Welcome to another edition of Overheard on the Plane.
If you haven’t yet, check out Say What? Overheard on the Plane Editions 1-6 and of course keep sending in your stories for future posts to firstname.lastname@example.org. Remember to include the carrier and route as well as any other pertinent details and sources.
Submitted by Hank W – United Flight San Francisco (SFO) to Denver (DEN)
Child sees uniformed man walking down aisle to bathroom.
Child Passenger: Who is that?
Mother: That’s the pilot.
Child Passenger: Oh. (Silence.). OH MY GOD! WHO’S FLYING THE PLANE??
Submitted by Eric D – United Flight to Boston (BOS) several years ago
Flight Attendant (upon landing): Thank you for choosing United. We know you have a choice in various bankrupt airlines, so we appreciate your choice in flying with us today. Have a nice day.

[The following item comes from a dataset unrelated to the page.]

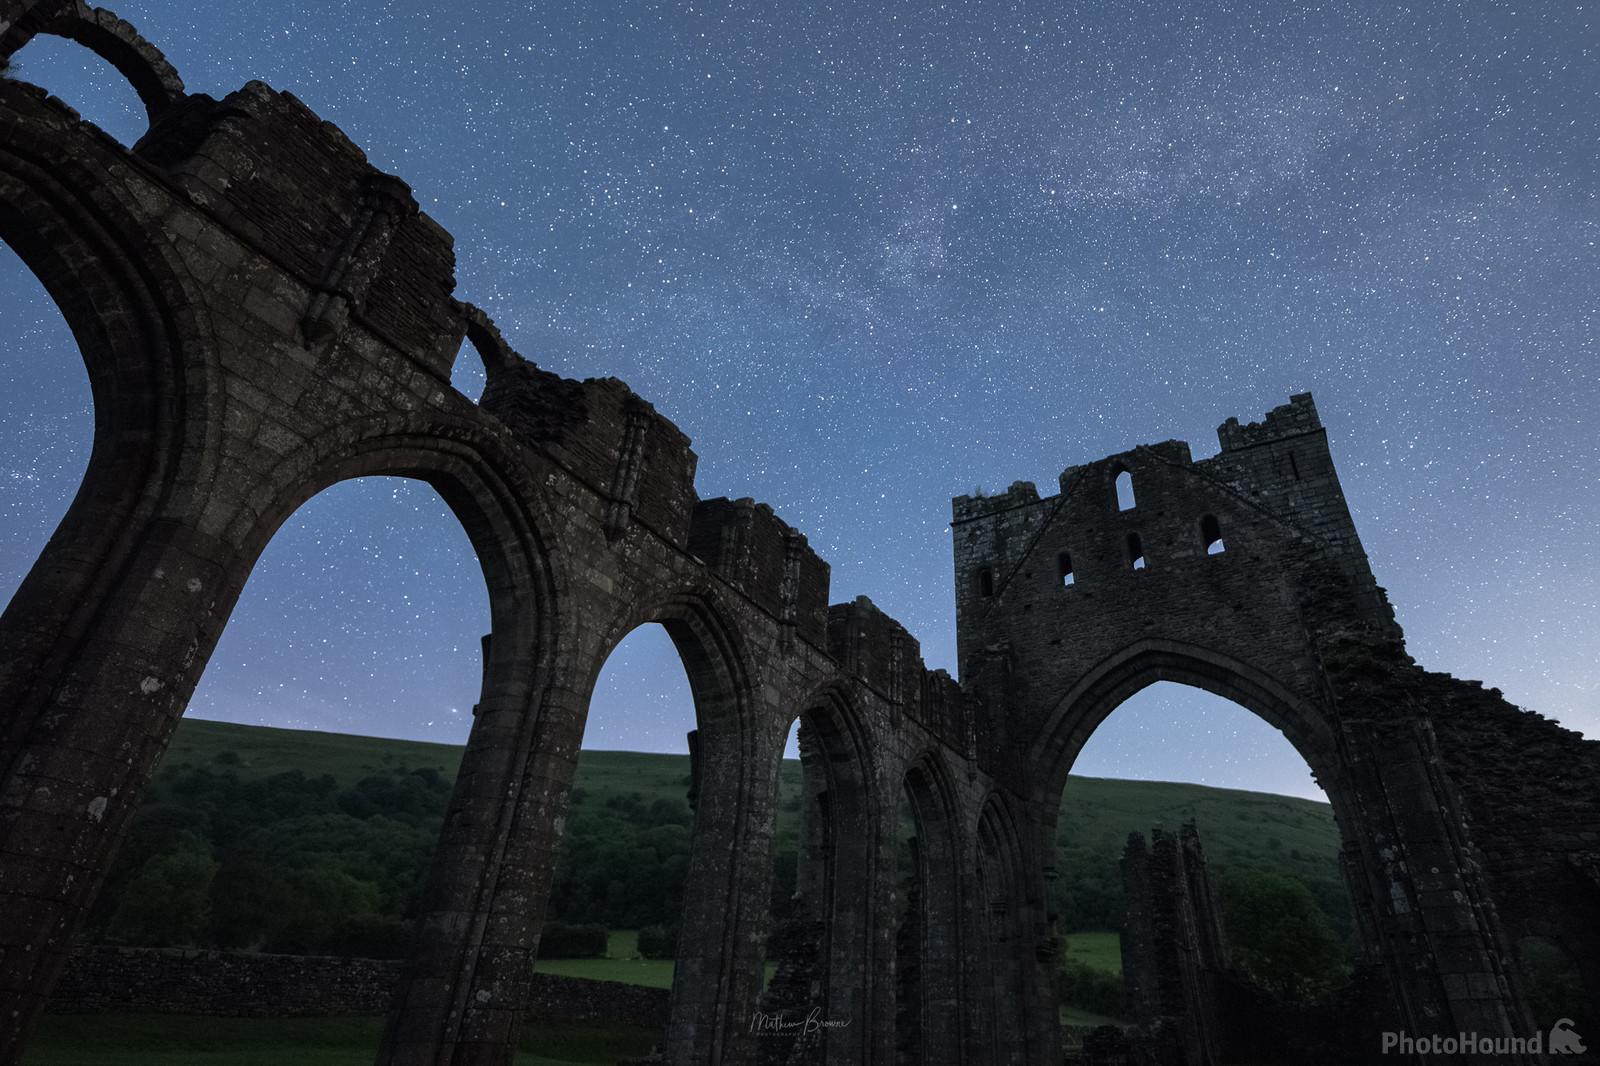 Image of Llanthony Priory by Mathew Browne

Submitted by Kevin One Liners Courtesy of OHNY – LaGuardia (LGA) and JFK
Pilot (LGA): In just a few minutes our flight attendants will be starting beverage and snack service, including Coca Cola products and five snack options. Please listen carefully, as FAA regulations strictly prohibit our flight attendants from repeating these options.
United Gate Agent (LGA): Okay, ladies and gentlemen, we’re going to use the last-one-on-is-a-rotten-egg method of boarding here.
Flight Attendant (JFK): Please turn off your cell phones, iPhones, iPods, laptops… Basically, anything that is bringing you joy right now, just turn it off.
Pilot (LGA) as the seatbelt sign goes off: All rise.